If you have been to a climbing gym before, you will have most likely seen at least a few people manically scrubbing holds.
When you’re new to climbing it probably seems a bit excessive and over the top. Are these people crazy? How much benefit are they going to get from a glorified toothbrush?
The answer is: more than you’d think.
So Why Do We Brush?
When you first start out climbing, you will notice that most holds are very beginner friendly. They are easy to grab and have huge holes in them for the full length of your fingers.
These holds are referred to as jugs. And all climbers love them.
As you progress up the grades the difficulty rises and in turn, the frequency of these wonderful holds plummets.
It becomes much more common to see slopers and pinchers, along with various other types of holds.
As you can see, the hold on the left doesn’t have many edges for your fingers to pull on. Sometimes the only thing keeping tension in your climb is a palm on one of these big ol’ slopers.
When climbing on these holds you’re pretty much grasping at straws, and at that point, you’ll take any help you can get.
Yep… you guessed it: Brushing.
When brushing holds, your main objective is to clear it of any muck, grime or grease. This
ensures as much of your skin is touching the hold as possible.
The result is more friction generation. And more friction means more sticking power.
Now, this may sound strange, but I don’t think cleaning the holds is all brushing does to help.
In some cases, it doesn’t make a damned bit of difference.
But what it can do is make you believe that you are going to stick the move. That confidence can make all the difference between finishing the problem, or going home empty-handed.
To Brush Or Not To Brush?
So how do you decide when to brush? That is the question.
When you’re indoors, any time you feel like you’re slipping or sliding on a hold, it might be a sign to give it a scrub.
If you’re outdoors, however, some people recommend scrubbing before, during and after.
If you’re the first person to attempt a route in a while, a lot of the moves might be covered in lichen, moss or dirt. This means it’s usually a good idea to give it a workover before you even attempt a climb.
I’m sure most of you are similar to me and are long-standing members of chalkoholics anonymous. If you are yet to earn your 5 minutes chalk free badge, you might want to brush off any tight holds during your climb for that extra bit of grip.
When leaving a climb it’s polite and good etiquette to give any over-chalked holds a brush down, But I’ll talk more about that later.
So What Is The Best Method To Brush?
So now you understand why we brush, its time to learn how you should brush.

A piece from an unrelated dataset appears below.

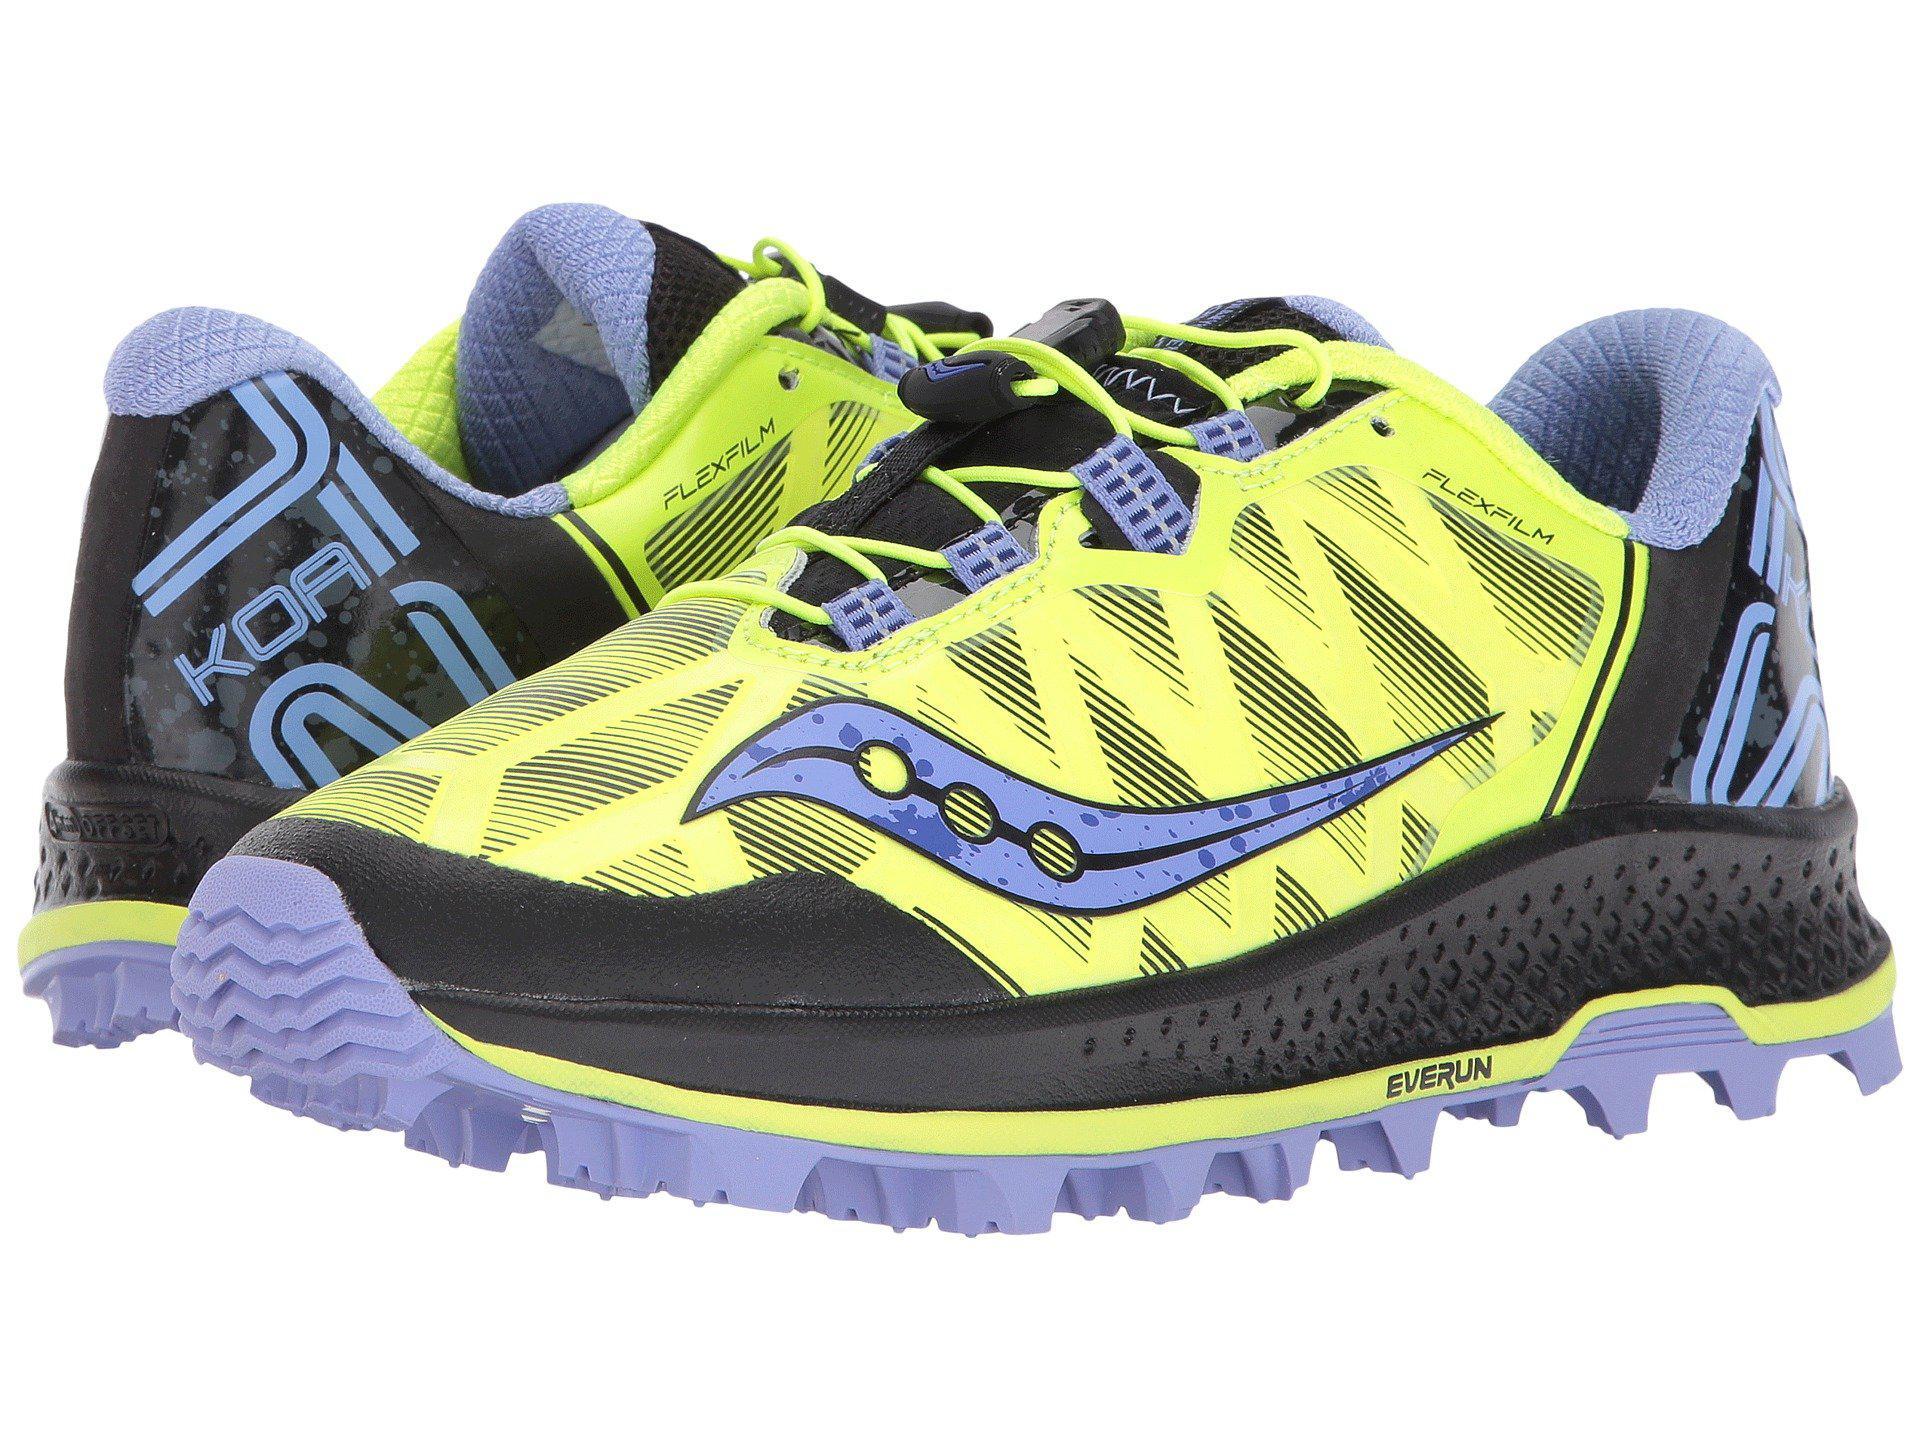 66f0f8261ca9 Lyst - Saucony Koa St (citron purple) Women s Running Shoes

This section is pretty subjective as everyone is different when it comes to brushing.
There is no right or wrong.
Just like with brushing your teeth, everyone develops different methods, rituals, and speeds.
You have the:
- Classic Back And Forth
- Counter Clockwise
- The Razzle Dazzle
- The Rock Sock
- Pulp Friction
Once you have completed your scrubbing ceremony, its usually a good idea to give it a good blow to remove any excess loose chalk. Make sure to close those peepers though, chalk dust and eyes are not compatible.
Like most social settings, there are rules you need to abide by in order not look like a total asshat.
This first one is pretty obvious. If someone brushes a hold they get first dibs.
So, this next one isn’t really talked about much.
Is it okay to borrow someone else’s brush?
We have all been there; you wake up feeling like something out of a George Romero flick, Grab your gear and dash off to work.
Only later, when the blood in your veins is 50% coffee, does it hit you that your brush in your other bag.
Luckily most climbers are friendly. It’s one reason why it’s such a social sport. Once asked, most are more than happy to help, whether it’s letting you borrow a brush or giving you advice on a problem.
In fact, a lot of climbers are happy for an excuse to razzle-dazzle.
If you’re more of an outdoor operator make sure you clean any “tick” marks or excess chalk you leave on the holds. No one wants to be that guy.
So most climbing centers will have wizard staff looking sticks with brushes on. These are to help brush holds that are just out of reach.
It’s just common courtesy to make sure these are back in their designated hangout once you’re done.
What are they made of?
For all you curious climbing monkeys, the main ingredient in the recipe for a modern chalk brush is boar hair.
Climbers have had many different iterations of brushes over the years, from your little brother’s toothbrush to hair straight from the horse’s back, All this before settling on the current choice: boar hair. What you expected? Me neither.
So, when choosing a brush, only one thing remains: Plastic or wood?
I, for one, am part of the wooden master race. What about you?